When I was a young man during the Vietnam War I thought it a good bet that a cockpit would be my coffin. Now, at middle age, I have raised my sights. I want to die at the age of ninety-five in bed with a twenty-three-year-old nymphomaniac, shot to death by her jealous husband. Alas, a more likely scenario is that I’ll be driven mad by an incurable case of diaper rash and be shot to death by a police officer trying to prevent me from strangling my teddy bear.
Whatever, before I go I hope I don’t drool too much. I want to cry when I see old folks drool.
Tom Cawley is a few years older than I am, but only a few. He eyes the Queen’s busted latch with a practiced eye and heads back into the hangar for his drill. The broken part is riveted on and the rivets will have to be drilled.
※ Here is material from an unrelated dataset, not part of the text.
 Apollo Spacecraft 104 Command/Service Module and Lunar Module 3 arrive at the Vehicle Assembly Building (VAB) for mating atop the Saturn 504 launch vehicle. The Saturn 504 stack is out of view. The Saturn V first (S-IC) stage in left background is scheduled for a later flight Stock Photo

No one at Dutchess County Airport could do the work on Monday morning, but one mechanic telephoned Tom Cawley at Sky Acres, an airport eight miles to the northeast, so I have flown over. The airport is a hilltop affair. To reach Cawley’s maintenance hangar I taxied to the north end of the runway, then up a paved ramp with a precipitous drop-off on the north side. He has the only aircraft maintenance facility with a view that I have ever found in my travels. Most airports are vast flat places, usually in valleys, and if they have a view it is upward at surrounding hills. From my position beside the
Queen
I can look across the hills of the Hudson River Valley and see the low mountains beyond. The Catskills are quite prominent to the northwest.
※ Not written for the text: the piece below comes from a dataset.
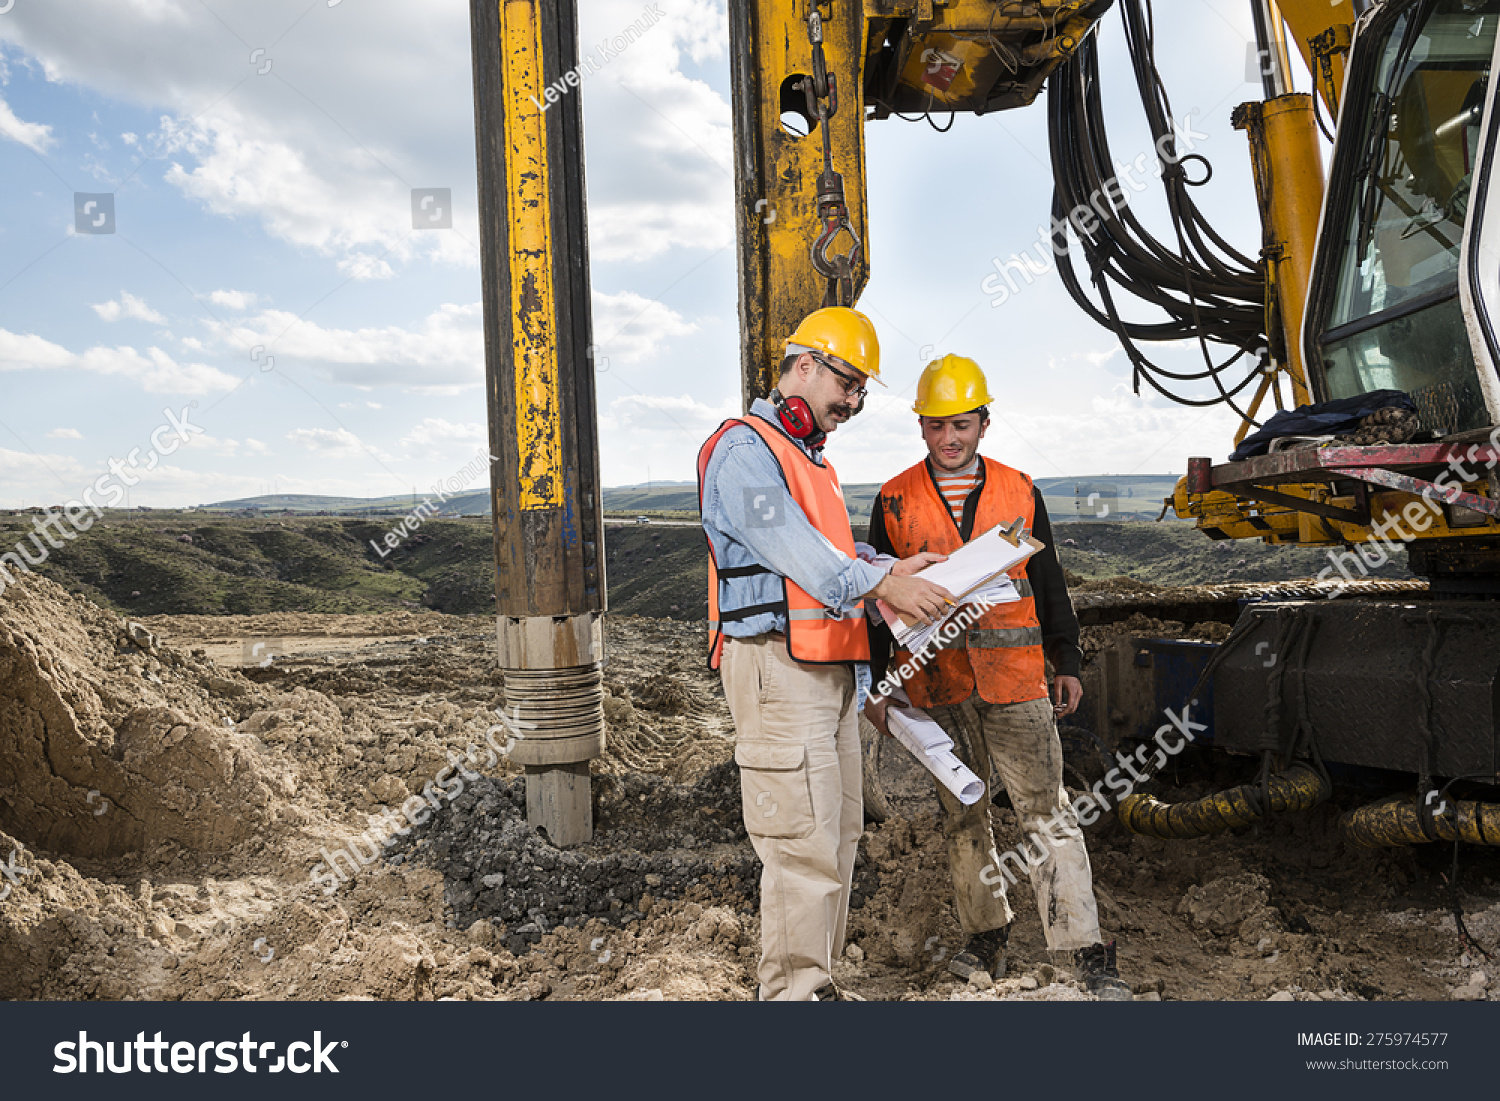 Excavation techniques of drilling

I tell him I was worried about the latch failing and the cowling coming off.
“Thousands of twin Beeches flying around with busted latches,” he says.
“Does the cowling ever come off?”
“Occasionally.”
I tell him my fear of the top cowling breaking off the fuel gauge under the fuel tank.
“If the cowling comes off, it’ll go forward,” Cawley says, “into the prop. It’s an airfoil.”
I can visualize what happens next. In seconds the cowling will be chewed apart by the propeller. Inevitably some of the pieces will come aft instead of being flung outward. Even if there is no other damage to the plane, the prop will be trashed. I decide that I could leave the cowling here with Cawley for a week if necessary and come back and get it when it is fixed. The plane will fly five or six MPH slower without it since the engine is baffled, but what the hey—that’s a small price. I explain to Cawley that I can leave the cowling and he just nods. He’s busy.
He soon gives up on drilling the rivets with the cowling still on the airplane, so we drop it off. He takes the lower half into the hangar to work on it, and I borrow a grease gun and set about greasing the knuckle-joint fittings on the landing gear. Some of the zirks won’t take grease, so I get my wrench and change zirks. In minutes I am filthy.
Soon Cawley has the broken latch part off the cowling. I am still unsure if it can be repaired today, but he says yes. “Let’s ride into town and let Siggy weld this.”
The trip is eight or nine miles, and soon Cawley and I are getting acquainted. He is a shy individual who doesn’t want to tell me much about himself until he hears about me. Finally he opens up. He has spent most of his adult life in civil aviation—hauled freight in Beech 18s, Aztecs, currently a twin Navajo, flies for an outfit that does infrared mapping, runs his own maintenance facility—basically done anything and everything that a person can do to earn a living around airplanes. And for recreation he has restored and flown old aircraft—he owned a Stearman for thirteen years—and skydives. He has over 800 jumps and likes to compete.
And he has opinions. On Saddam Hussein: “I know that there were political complications, but we should have run a pipe into that bunker and pumped in crude oil until the scratching on the door stopped, then sent in the historians.” On New York City natives: “They think upstate starts at the George Washington Bridge.” On me flying over the Adirondacks: “Follow the roads. If the engine quits up there you won’t have an antique airplane anymore.”